In regression, linear models are of the form: $$y_i = \pmb z_i^T \pmb\beta_i + \epsilon_i$$
Or we can write this in a more general form with vectors and a design matrix:
$$\pmb y = \pmb Z \pmb \beta + \pmb \epsilon$$
For example, take $\pmb y = \begin{pmatrix}y_1\\y_2\\y_3\\\end{pmatrix}$, $\pmb\beta = \begin{pmatrix}a\\b\\c\\\end{pmatrix}$, $\pmb \epsilon= \begin{pmatrix}\epsilon_1\\\epsilon_2\\\epsilon_3\\\end{pmatrix}$ and $\pmb Z = \begin{pmatrix}1&x_1&x_1^2\\1&x_2&x_2^2\\1&x_3&x_3^2\\\end{pmatrix}$
Then the linear model looks like this:
$$\begin{pmatrix}y_1\\y_2\\y_3\\\end{pmatrix}=\begin{pmatrix}1&x_1&x_1^2\\1&x_2&x_2^2\\1&x_3&x_3^2\\\end{pmatrix}\begin{pmatrix}a\\b\\c\\\end{pmatrix} + \begin{pmatrix}\epsilon_1\\\epsilon_2\\\epsilon_3\\\end{pmatrix}$$
Focusing on $\begin{pmatrix}1&x_1&x_1^2\\1&x_2&x_2^2\\1&x_3&x_3^2\\\end{pmatrix}\begin{pmatrix}a\\b\\c\\\end{pmatrix}$ in particular, how can we interpret what these matrices and vectors are doing? For instance, under the visual interpretation of matrix-vector multiplication, $\pmb Z$ is transforming the parameter vector $\pmb \beta$. However, I'm not sure why this interpretation of a linear model would be helpful? Is it better to interpret these matrices and vectors from a more "data structure" perspective? As in, they're just arrays for conveniently storing values.

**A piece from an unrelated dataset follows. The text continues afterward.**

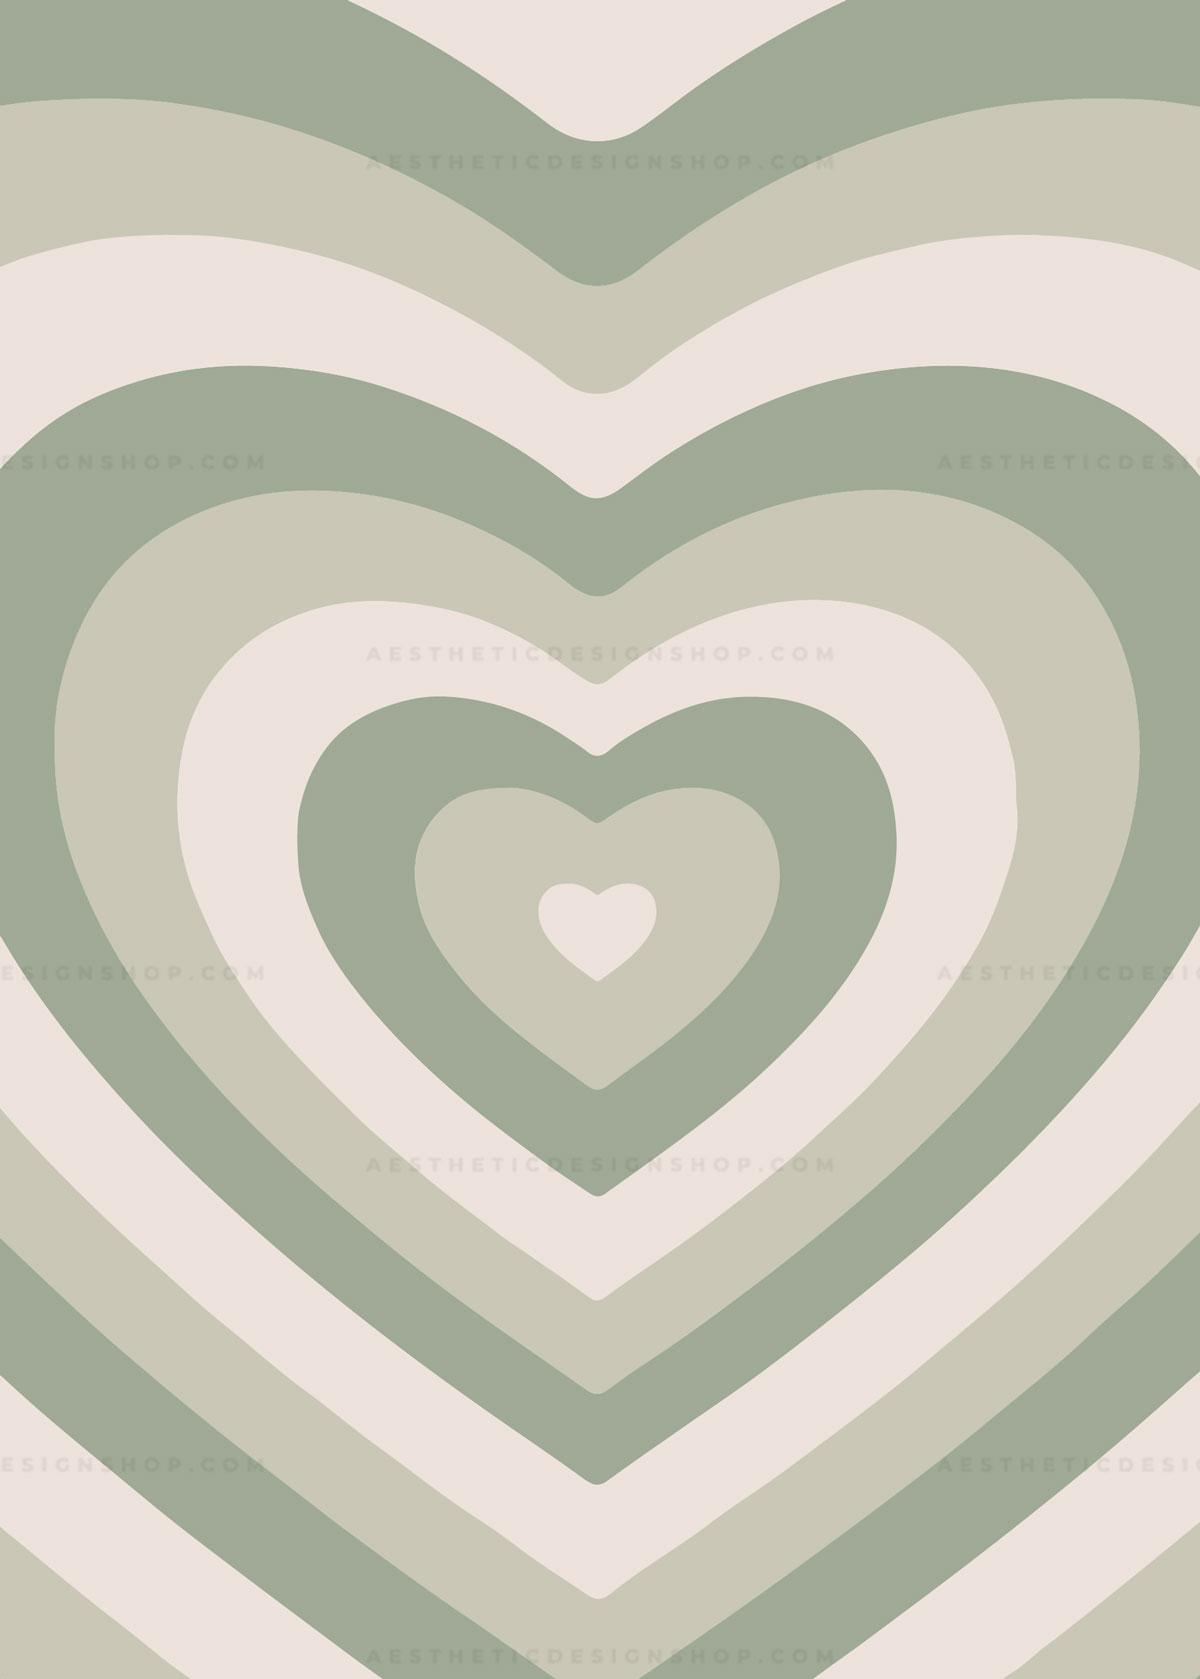 20 Sage Green Aesthetic Wallpaper Backgrounds FREE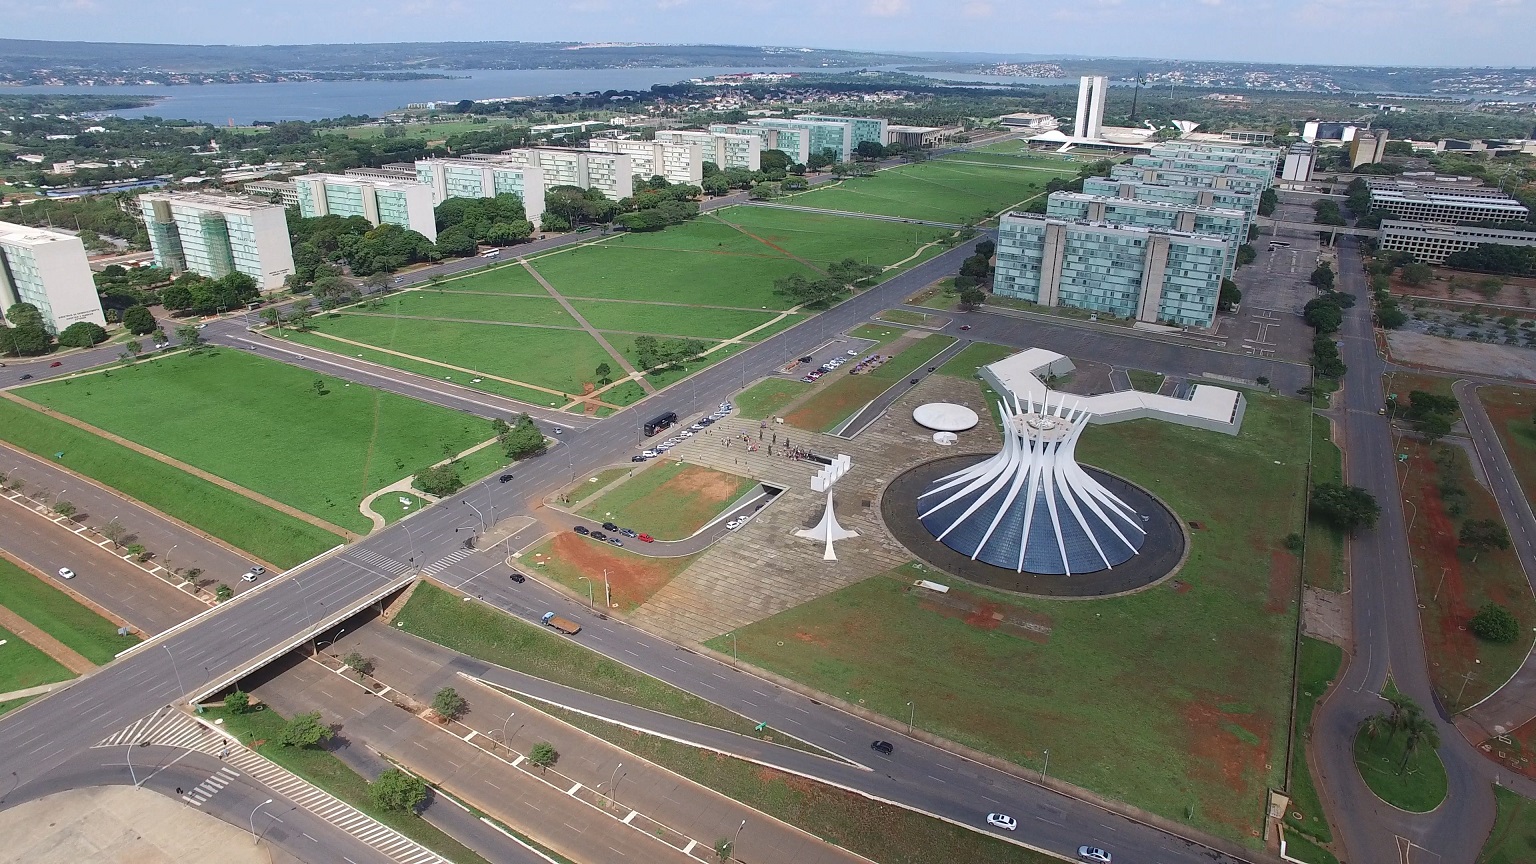 Brasilia was designed by architects Oscar Niemeyer and Lúcio Costa and was built in less than four years by more than 60,000 workers.

The idea of linear regression is to predict a value of $y$ based on a vector of observed explanatory variables $Z=(z_1,z_2,\ldots)$. To fit this regression, i.e., determine the coefficients $\beta_j$ for each $z_j$, you have multiple observations - these are the rows in the data matrices ($y$ and $Z$).
Once you fitted the regression, i.e., obtained a vector $\beta$, you can predict the value of a new observation $y_i$ based only on the vector of its explanatory variables $Z_i$. This prediction is $$\hat{y}_i=\beta_1z_{1i}+\beta_2 z_{2i}+\ldots+\beta_nz_{ni}.$$
This is what your above matrix multiplication does, except it replaces the predicted value $\hat{y}_i$ with the actually observed value $y_i$ and adds an error $\epsilon_i=y_i-\hat{y}_i$ to account for the difference between the observed and predicted outcome $y_i$.
The matrix representation does this for every observation, i.e., every row, so that for $m$ observations you have $m$ equations of this kind. This is the main difference between the single equation $$y_i = \pmb z_i^T \pmb\beta_i + \epsilon_i$$ and the matrix representation $$\pmb y = \pmb Z \pmb \beta + \pmb \epsilon.$$ They are the same if you would add "$\forall i$" to the single equation, resulting in the same system of linear equations. This is how the single equation is intended, but custom is to leave the "$\forall i$" implicit (or people are just too lazy).